And with that change, everything compiles again.

But I'm not really satisfied yet. Having to take Pin<&mut Self>, and having to pin manually when calling simple_read seems like a major usability issue.

Can't we just let the compiler, uh, hand waves handle it?

Let's see. The last time we tried to take &mut self, the compiler complained that R wasn't Unpin. So, what if we just make it Unpin?

#[async_trait]
impl<R> SimpleRead for TracingReader<R>
where
    R: AsyncRead + Send + Unpin,
{
    async fn simple_read(&mut self, buf: &mut [u8]) -> io::Result<usize> {
        // tracing
        {
            let address = &self as *const _;
            println!("{:?} => {:?}", address, std::thread::current().id());
        }

        // reading
        self.inner.read(buf).await
    }
}

And now we can once again use it without pinning ourselves:

// in `fn hash_file`
let n = file.simple_read(&mut buf[..]).await?;

That works just fine! But we're still using async_std::task::spawn_local.

Can we use it with async_std::task::spawn?

Yeah! And if we do, it's definitely faster than hashing each file in sequence:

$ for i in wine-*; do time ./target/release/surviving $i > /dev/null; done
./target/release/surviving $i > /dev/null  0.06s user 0.02s system 101% cpu 0.079 total
./target/release/surviving $i > /dev/null  0.09s user 0.00s system 101% cpu 0.085 total
./target/release/surviving $i > /dev/null  0.08s user 0.00s system 101% cpu 0.082 total
$ cargo build --release -q && time ./target/release/surviving wine-* > /dev/null
./target/release/surviving wine-* > /dev/null  0.24s user 0.01s system 279% cpu 0.089 total
Cool bear

Cool bear's hot tip

Okay, very well. But what's the point of using the async machinery then?

It seems to me like, either you use spawn_local, and then everything is on the same thread and only I/O is non-blocking, or you use spawn and it ends up on a bunch of threads - but then why not just use std::thread::spawn yourself?

Well! Spawning one thread per task would eventually become expensive. Creating a thread is fast compared to making a network request, but it's slow compared to just polling a task for completion. A threaded executor will usually have a maximum number of threads, and it'll execute N tasks (where N could be very large) on M threads (where M remains reasonably low).

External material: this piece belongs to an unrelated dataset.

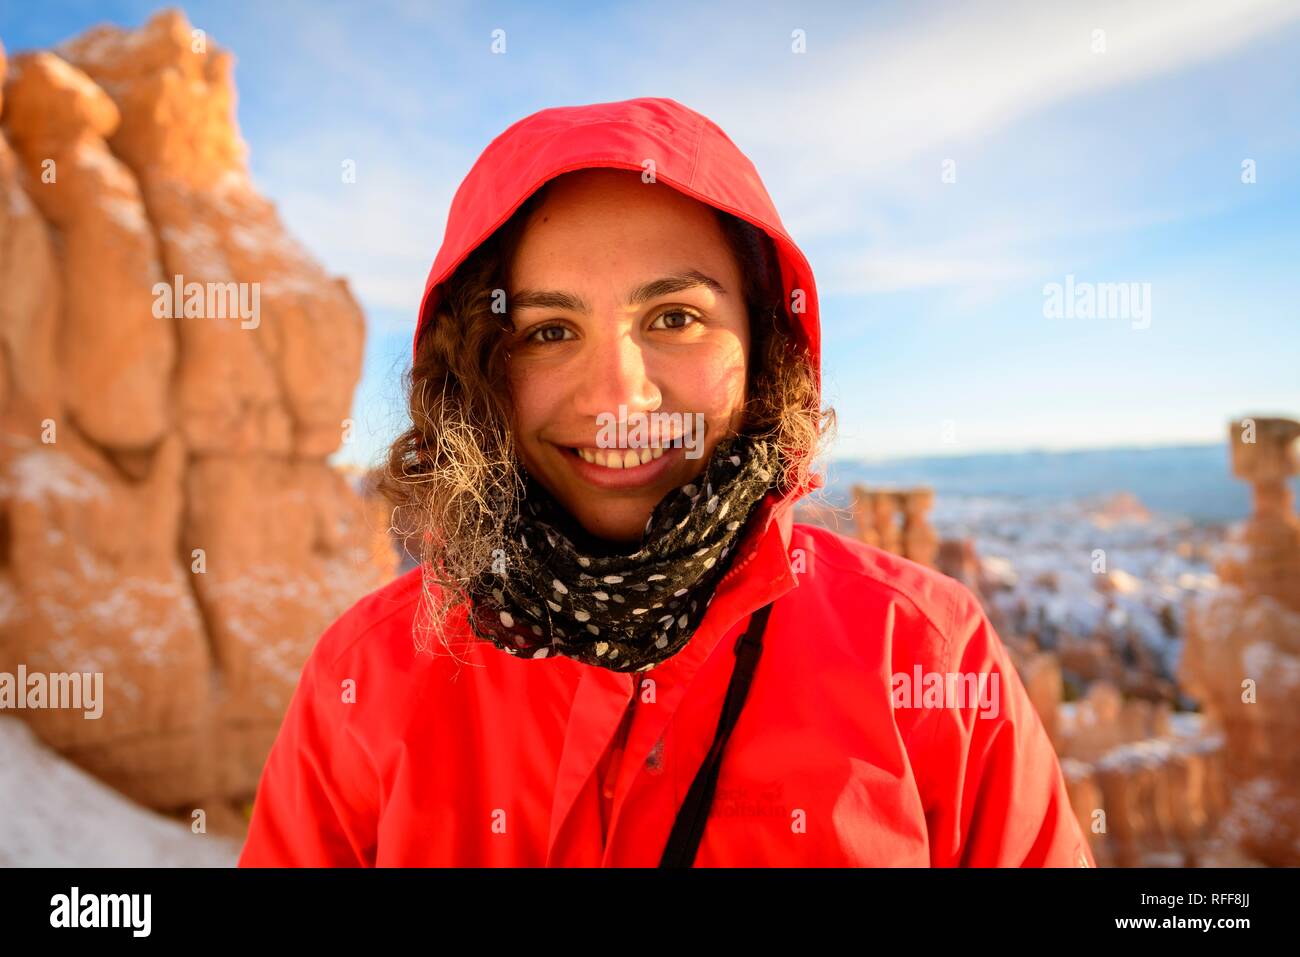 Portrait of a pretty young woman in winter clothes in front of rock needles, Winter, Rim Trail, Bryce Canyon National Park, Utah Stock Photo

Also, keep in mind that here, we're reading from a fast I/O device: a local SSD. But what if we were reading from the network instead? Or god forbid... tape storage?

Then we'd spend a lot of time waiting for I/O - and an executor (threaded or not) would be able to let each task advance as soon as their I/O request is ready.

Cool bear

Cool bear's hot tip

So async is not just a "make things faster" button?

No, it's not. In fact, it's more of a "make things slower" button - because there is more bookkeeping to do. But it also allows "things" to scale better. Note that futures are not the only way to do asynchronous I/O in Rust - you can definitely poll file descriptors yourself, have your own task system, etc.

Futures are just what ended up becoming standard, and a whole ecosystem is growing around them.

Cool bear

Cool bear's hot tip

Speaking of standards - what if you have a type that implements a trait with async methods, like SimpleRead, and you want to implement AsyncRead on top of it?

So that it can be passed to async-std's copy method, for example?

Ah, that part is not as easy. But it's not impossible either!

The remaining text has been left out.